Problem requirements
Begin at the line below that holds "霍尼韦尔 Honeywell 200300" and end at the line that holds "NYE VENNER: Ungdomsjournalist", transcribing each line exactly and skipping any picture.

Data records
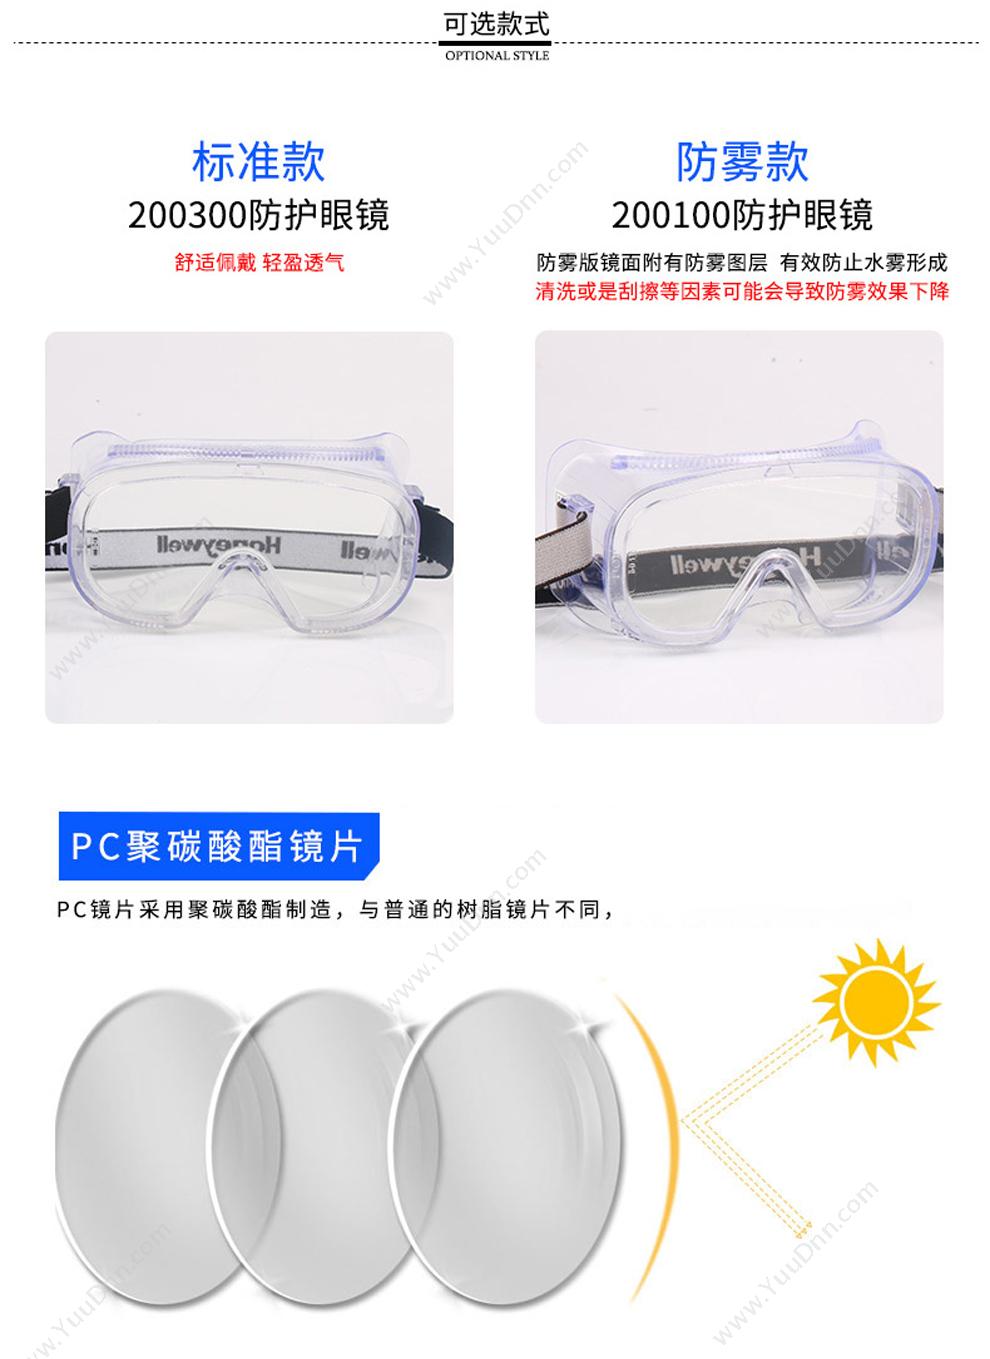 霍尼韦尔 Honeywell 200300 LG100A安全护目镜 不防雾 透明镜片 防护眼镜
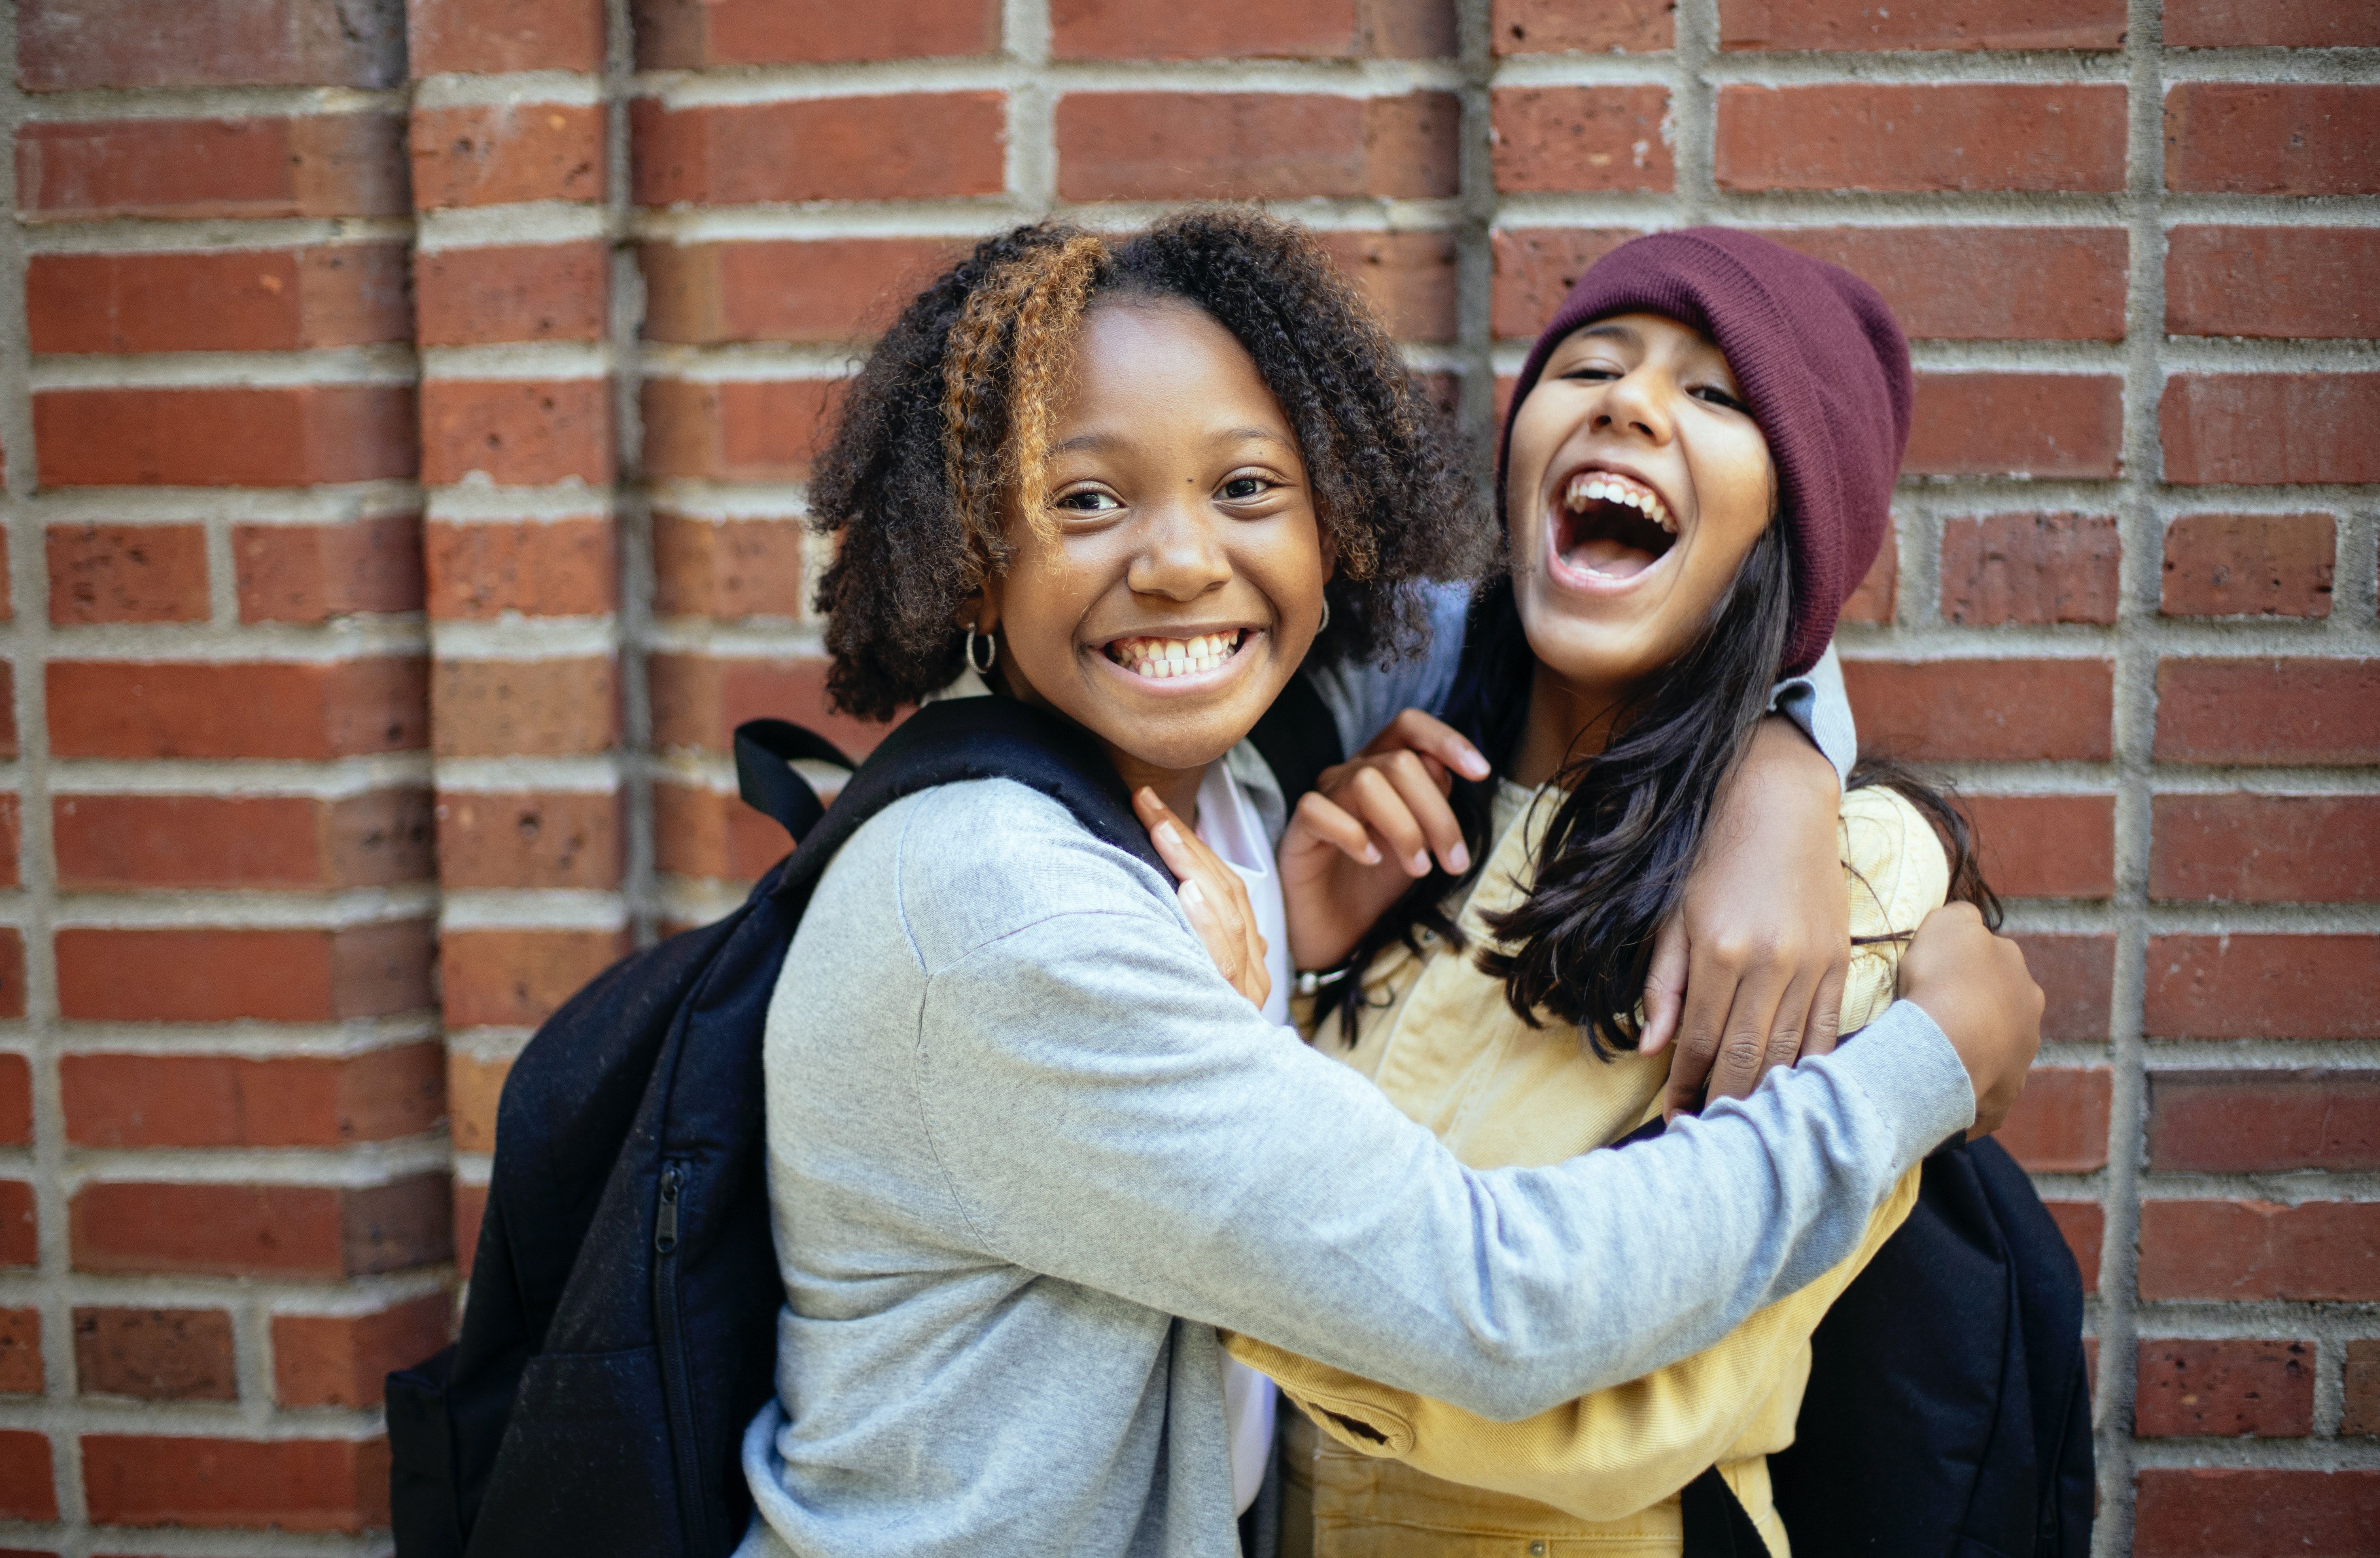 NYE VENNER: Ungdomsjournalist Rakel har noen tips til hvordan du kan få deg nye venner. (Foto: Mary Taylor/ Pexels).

* * *

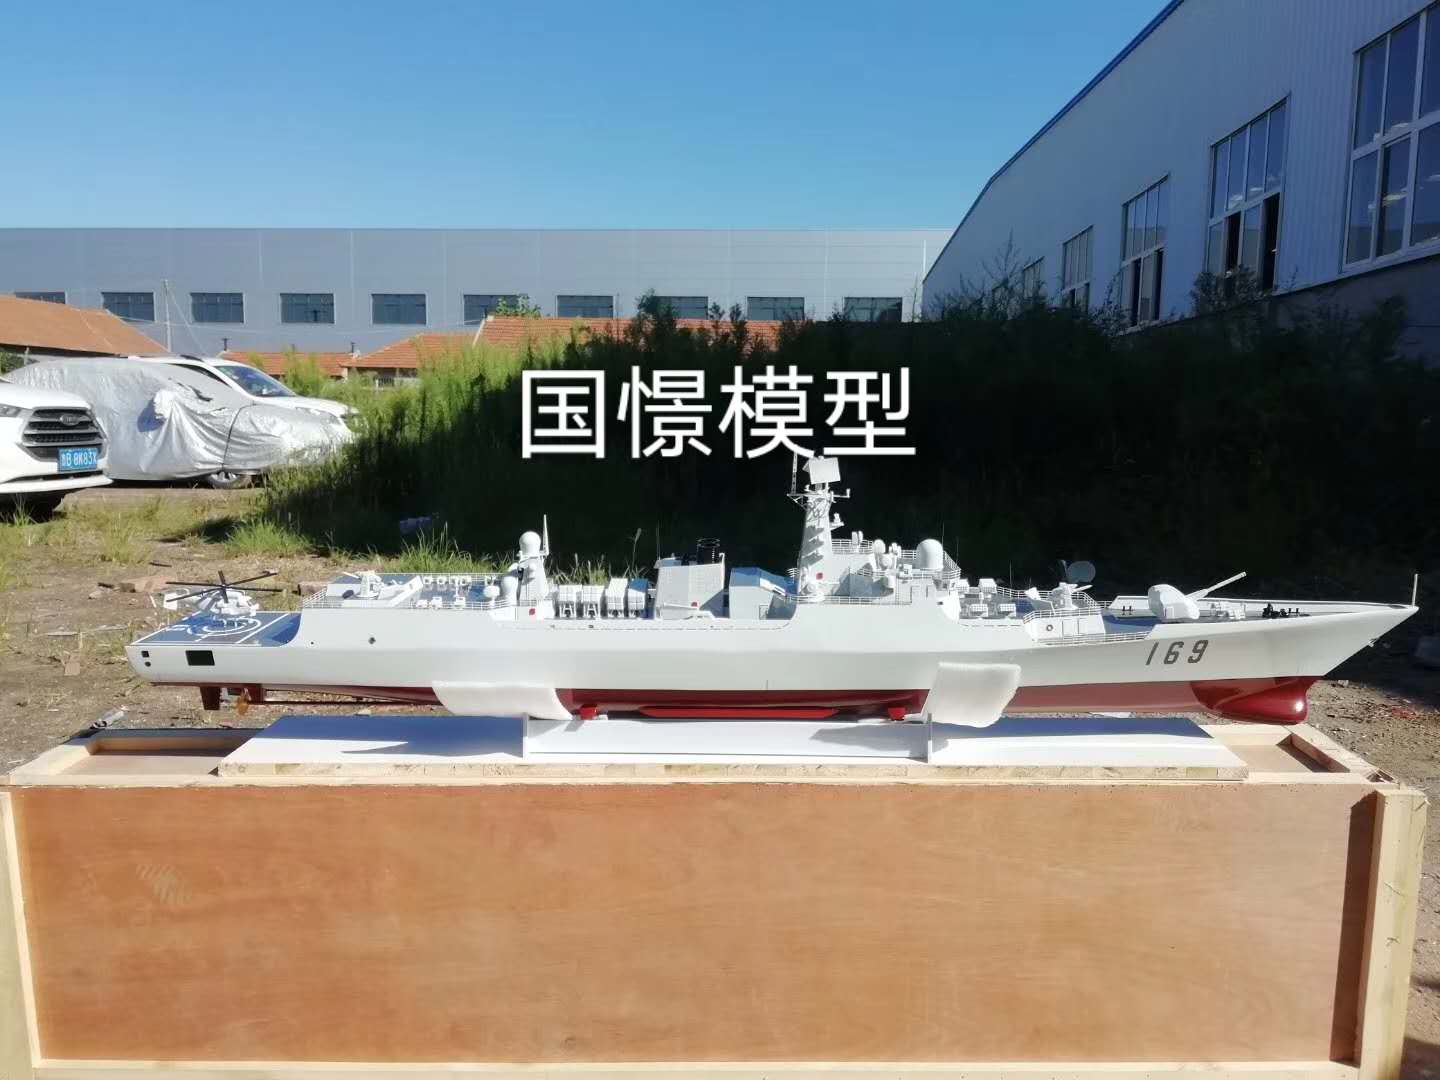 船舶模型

Solution
 霍尼韦尔 Honeywell 200300 LG100A安全护目镜 不防雾 透明镜片 防护眼镜
 NYE VENNER: Ungdomsjournalist Rakel har noen tips til hvordan du kan få deg nye venner. (Foto: Mary Taylor/ Pexels).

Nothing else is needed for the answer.